Mardi, M. Fournier, qui espère rallier le PQ avec cette formule, a indiqué que la Tribune de la presse, qui représente les journalistes affectés à l’Assemblée nationale, a décliné l’invitation.
La leader parlementaire du Parti québécois, Agnès Maltais, a salué l’ouverture des libéraux envers le Conseil de presse. Mme Maltais a affirmé qu’il faut sortir le débat de la «partisanerie» et qu’il est important que les parlementaires ne transforment pas une commission parlementaire en tribunal contre M. Péladeau.
«C’est l’organisme qui nous semblait le plus normal, je suis heureuse de voir que les libéraux se sont rangés à notre avis», a-t-elle dit.
Le nouveau député caquiste de Lévis, François Paradis, ancien animateur du réseau TVA, a déclaré qu’il est important d’éviter toute ingérence du pouvoir politique dans les choix des médias.
«La réflexion de base, c’est d’éviter le risque qu’il puisse y avoir un dérapage et que le pouvoir politique et le pouvoir médiatique aient chacun leur ligne et leur chemin», a-t-il dit.
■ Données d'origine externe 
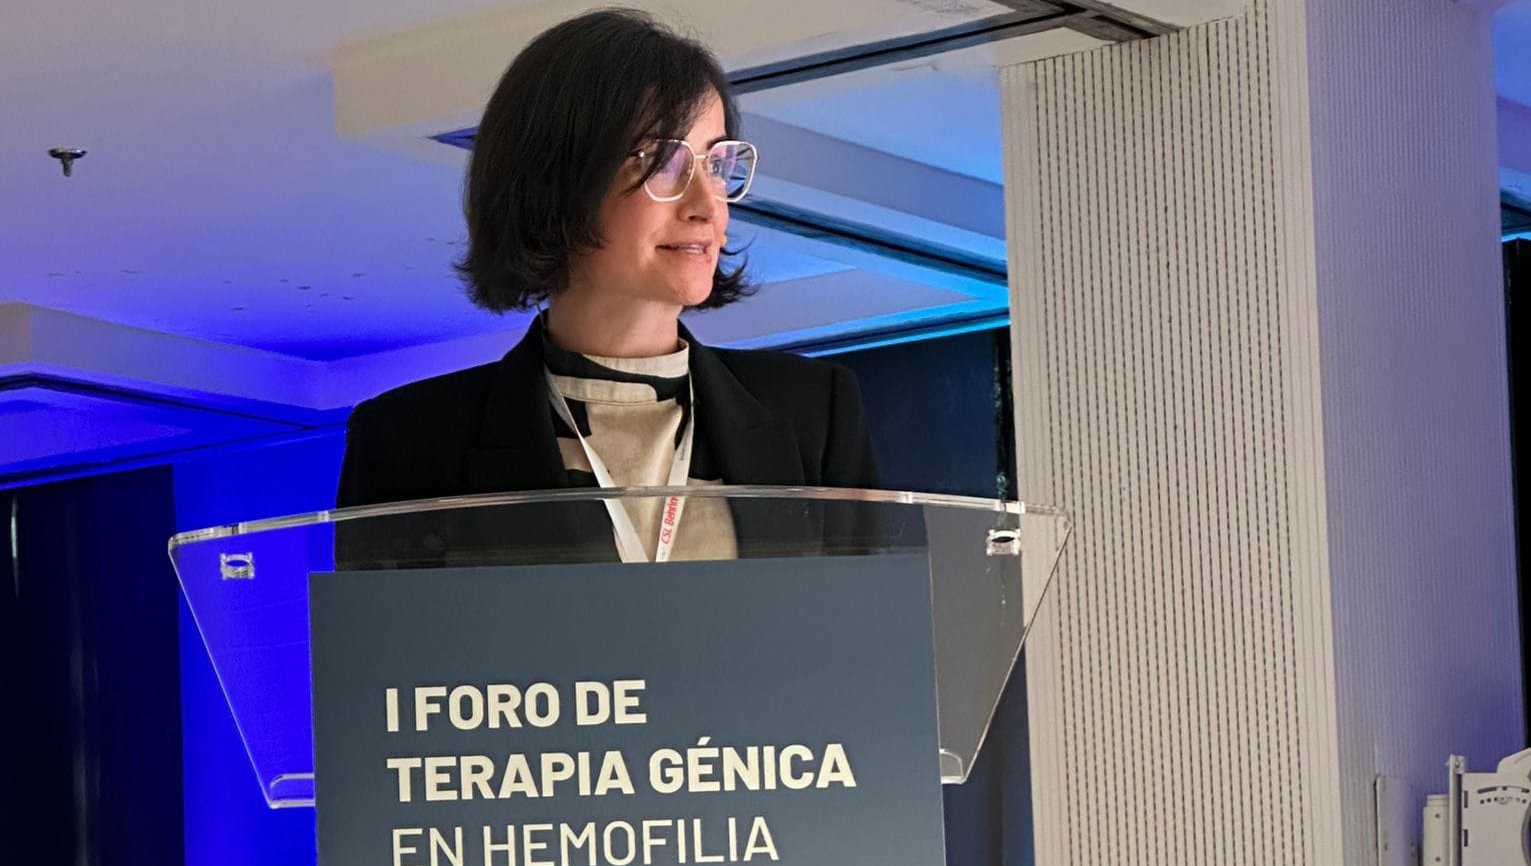 AELMHU represented by its executive director, Marian Corral, has participated in the I Gene Therapy Forum organized in Madrid by CSL Benring.

Élu la semaine dernière sous la bannière de la Coalition avenir Québec (CAQ), M. Paradis a expliqué qu’il n’avait pas subi de pressions de M. Péladeau.
«Alors que j’y étais, je n’ai pas eu de contact de quelque nature que ce soit avec Pierre Karl Péladeau, a-t-il dit. Bien sûr Pierre Karl Péladeau n’était pas en politique à ce moment-là.»